I think you need to define "be protective". I've seen people buy softer dogs to be a "great companion" and then disappointed when the dog wasn't hard enough to take a hit from an attacker or a bite from another dog. I've seen people buy hard dogs and then be appalled when the dog couldn't live in a chaotic family environment with children.

I have two working line. I'm not counting on either of them to protect me because they are not trained to do so. I'm not allowing them to make the decision to protect me because they don't get to choose what and who is a threat. I'll listen to their instincts but making the decision to go off on someone and possibly biting someone is not cool. The man walking down the road is not a threat just because he's walking down the road.

My advice - buy the great companion. These dogs are pretty good deterrents just in the visual aspect. If you need "protection" buy a gun and a good alarm system.

That said - you can absolutely find a medium drive working line for a family dog as long as you are active and put the time in to mentally stimulate the dog.


----------



## MineAreWorkingline (May 2, 2015)

Define protective.

Reputable breeders breed for the total dog, not just certain traits.

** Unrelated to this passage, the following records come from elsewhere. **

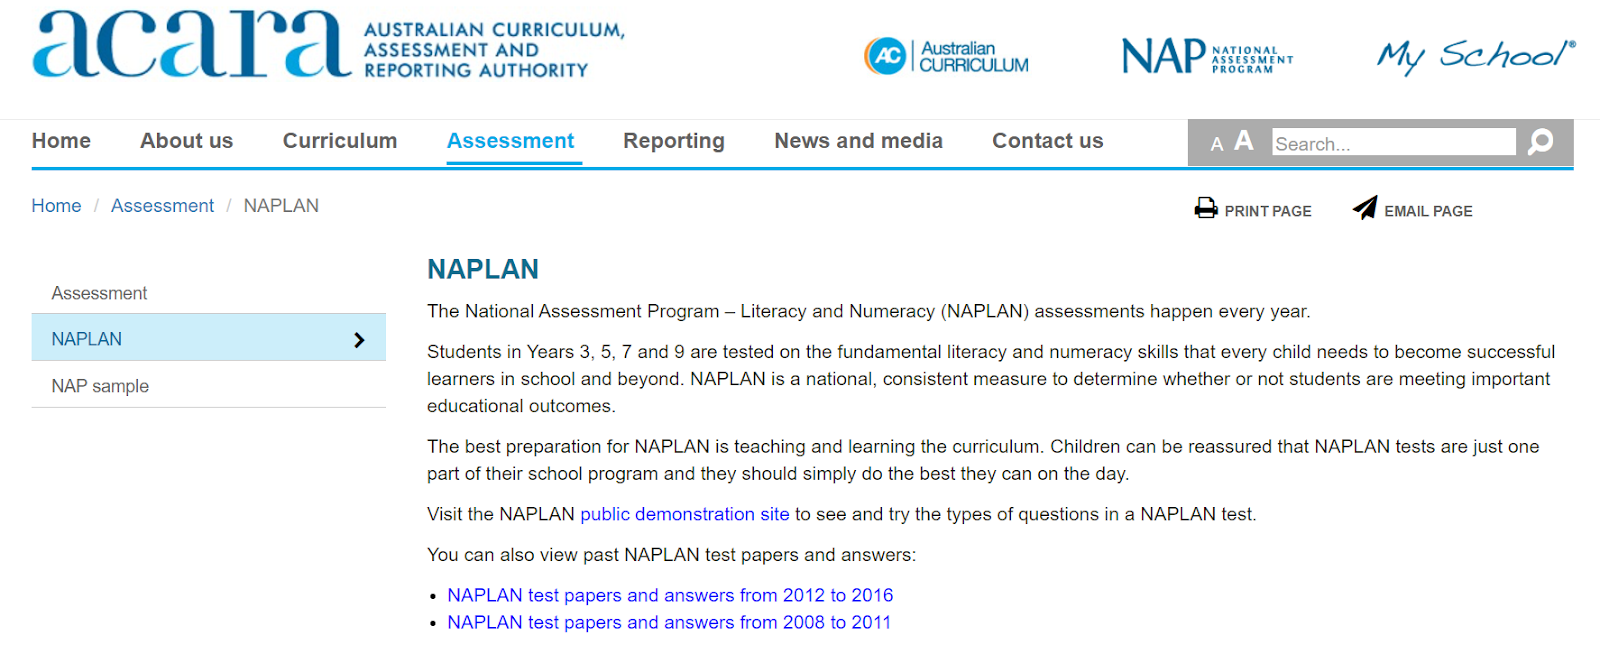 ACARA website - About NAPLAN page
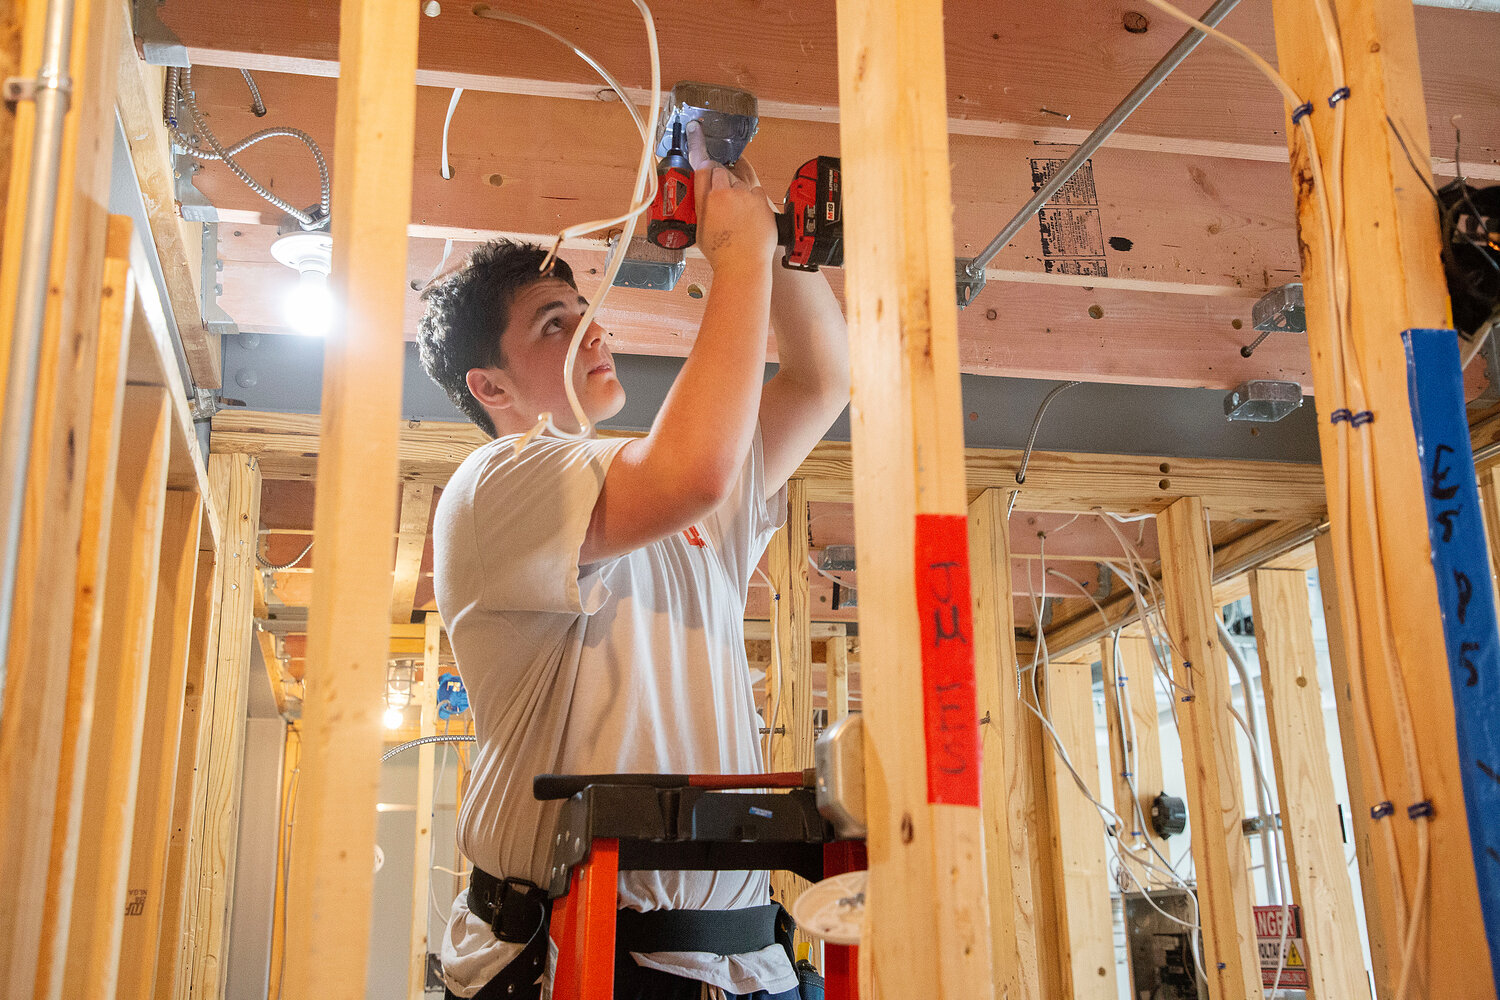 Machar Francis screws a lighting box into place inside the Electrical room at East Providence High School. Construction students framed wood stud walls within the room, and the electrical students practice both residential and commercial wiring.
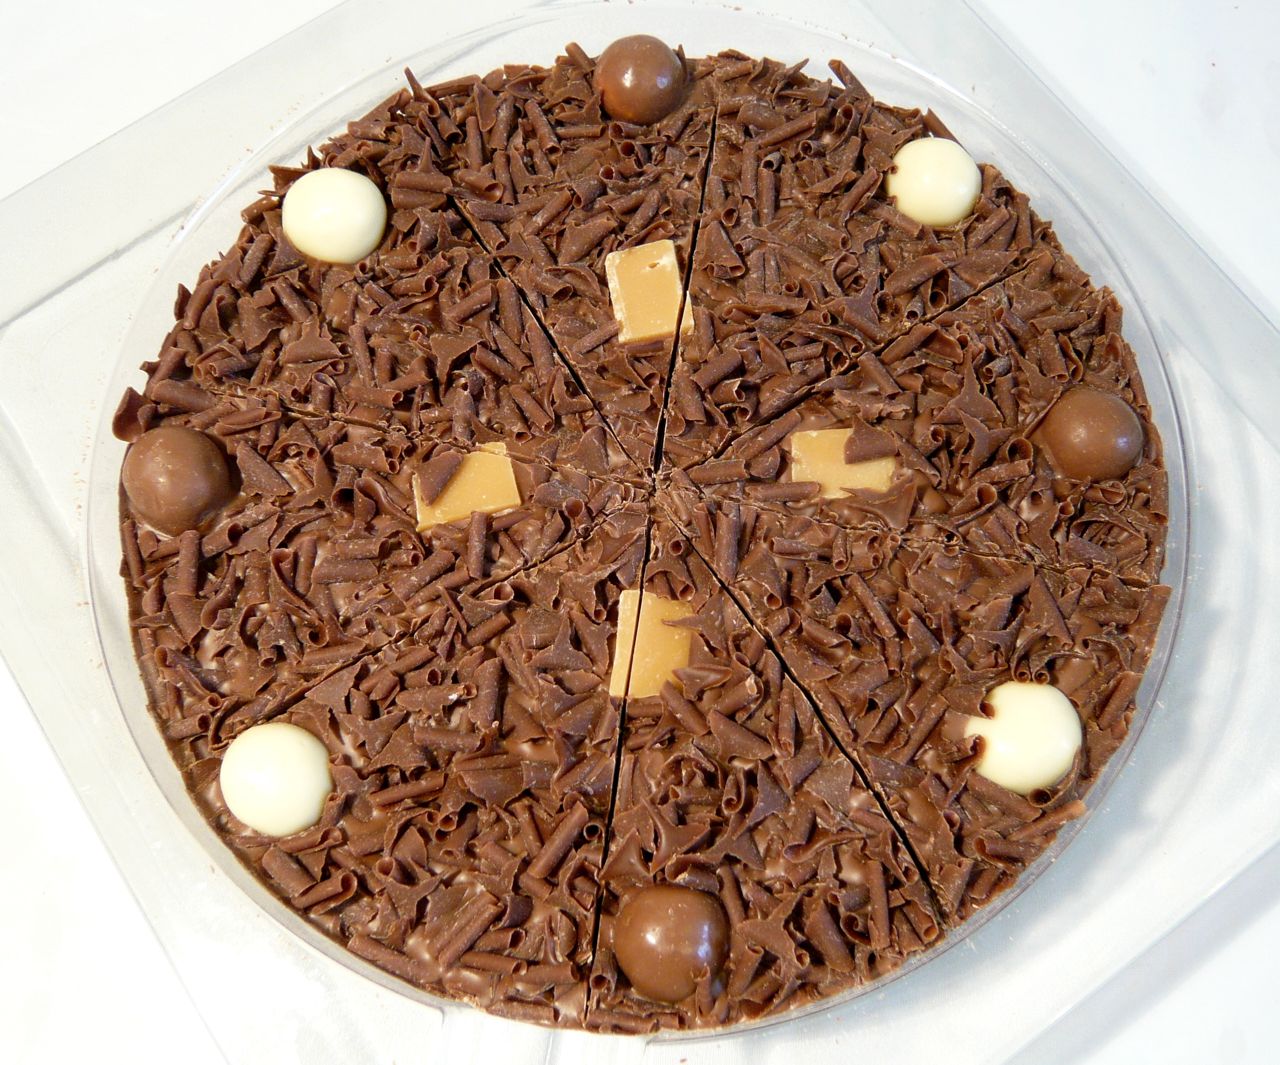 The Gourmet Chocolate Pizza Company
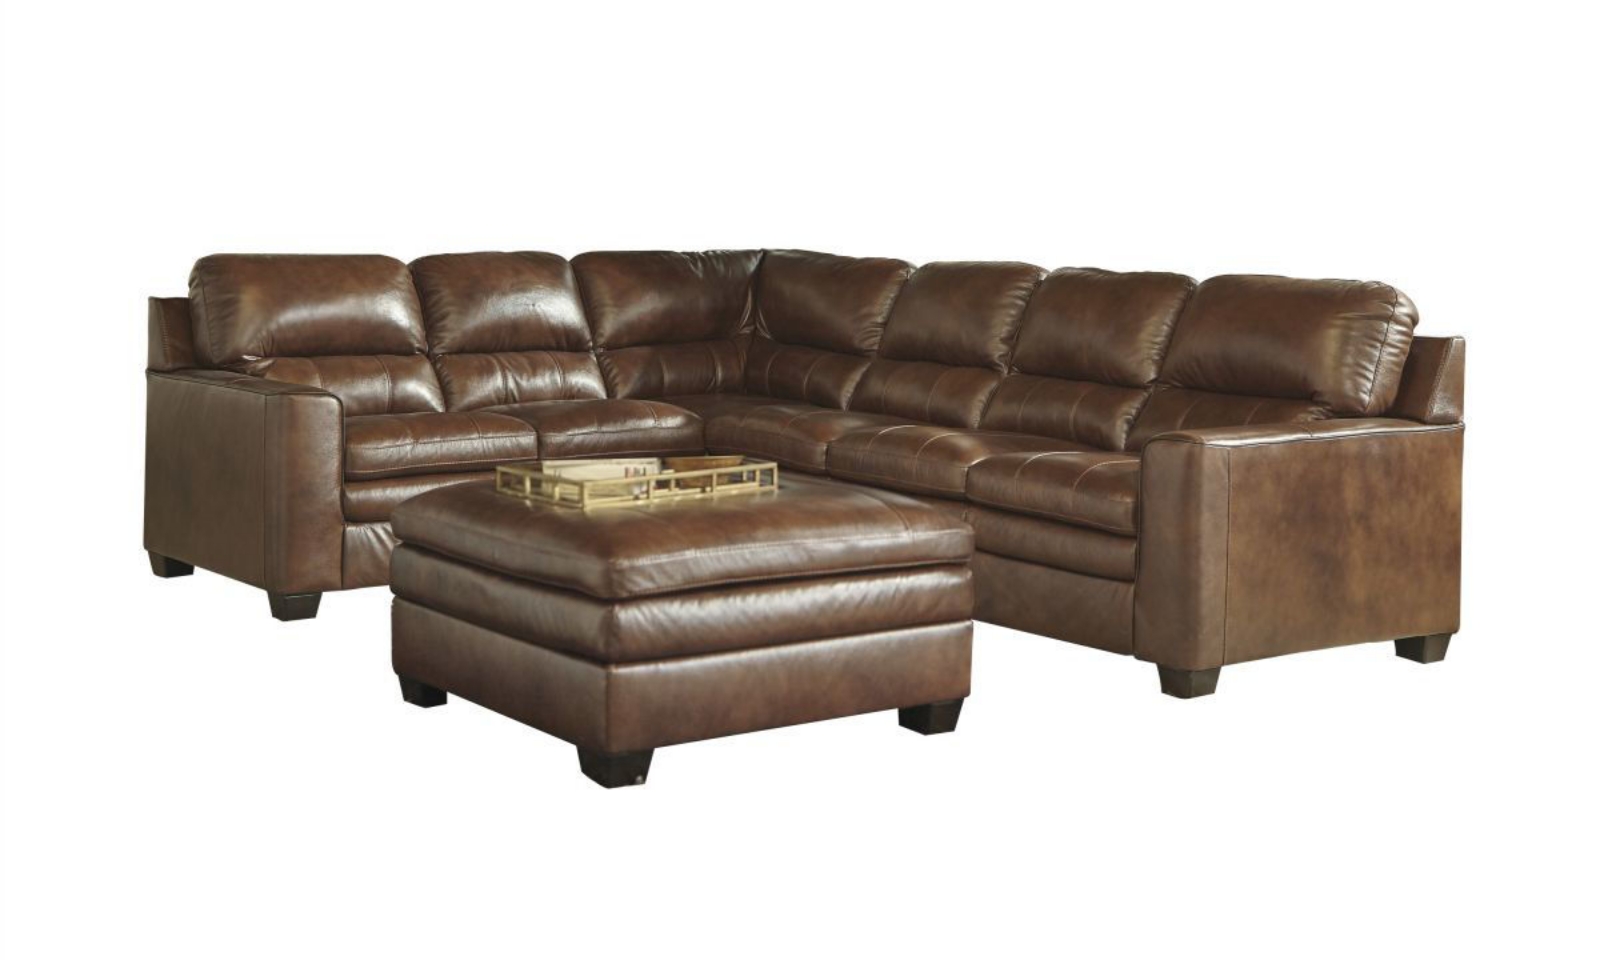 Picture of Gleason Sectional with Ottoman
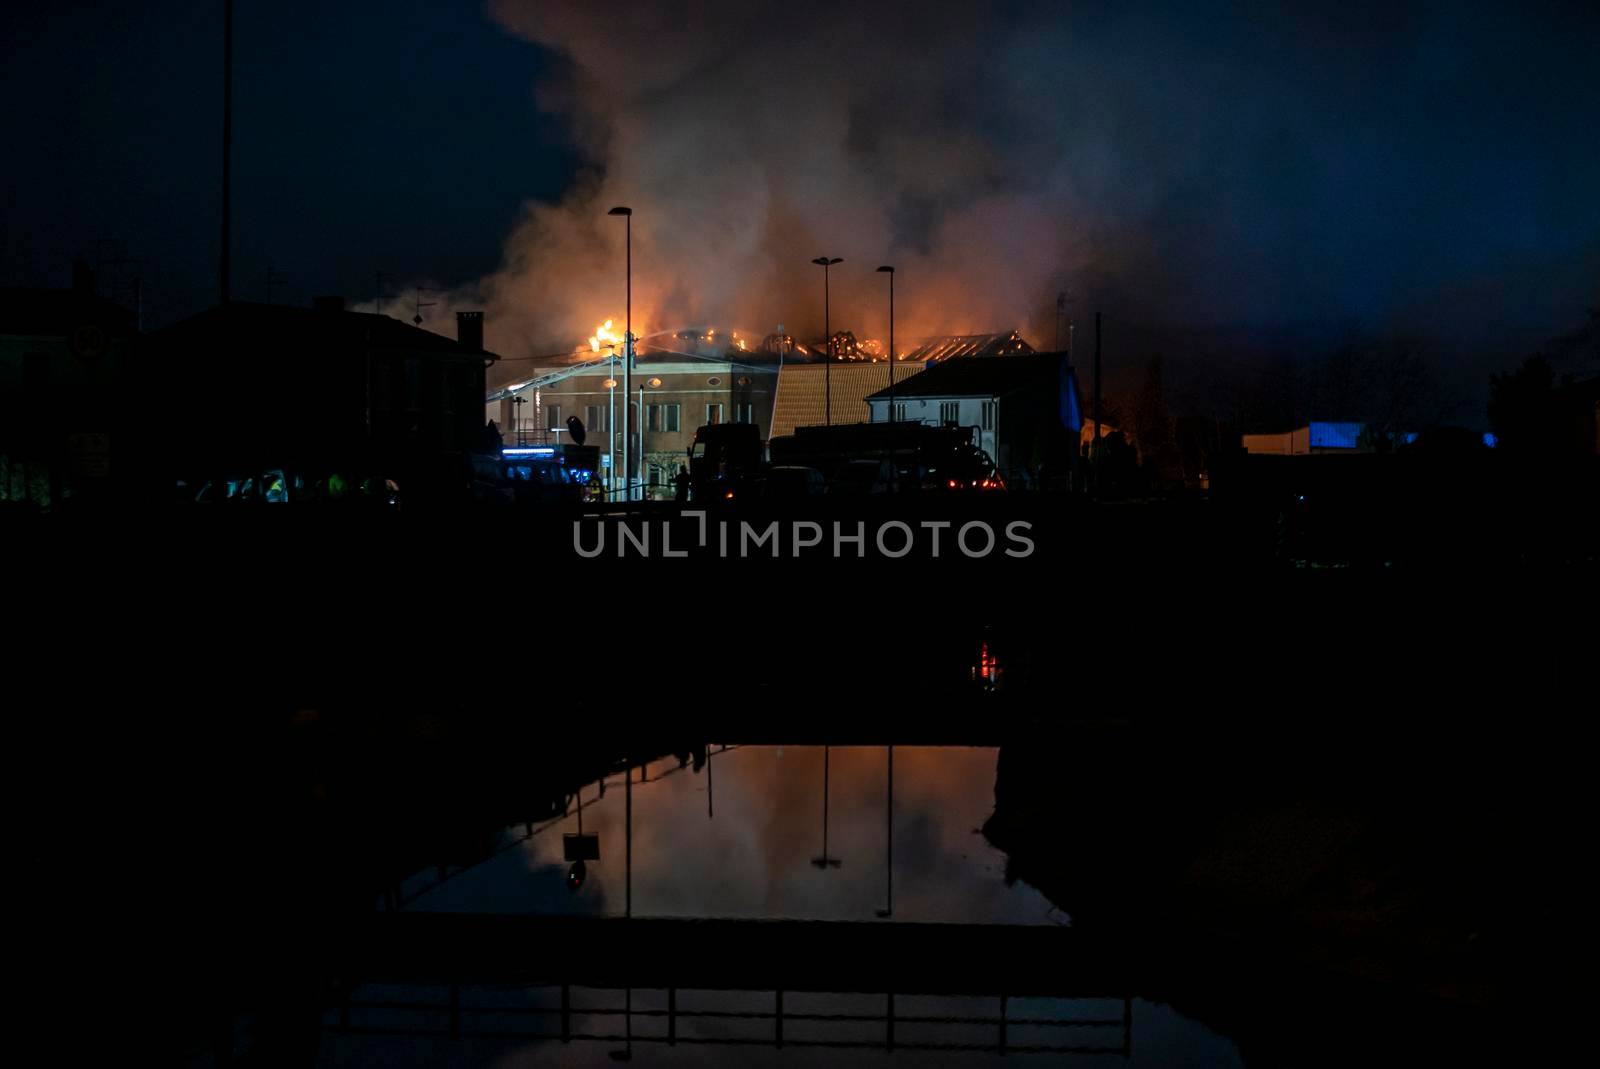 House burning at night with firefighters 7 by pippocarlot

Give and take. That means a pup may have a stellar temperament with your kids but have less than excellent hips but still good enough so as not to negatively impact quality of life. Or a pup can have stellar hips / elbows and be DM negative but be sketchy with your kids with a predisposition for bloat. Think things through as these are often the deciding criteria.


----------



## Sunsilver (Apr 8, 2014)

I haven't been doing much with my dogs due to health issues. My working line is tolerating the inactivity much better than my show line girl would have at the same age. Fortunately, the show line is now at an age where she sleeps most of the day, instead of amusing herself by exploring cupboards and chewing stuff up.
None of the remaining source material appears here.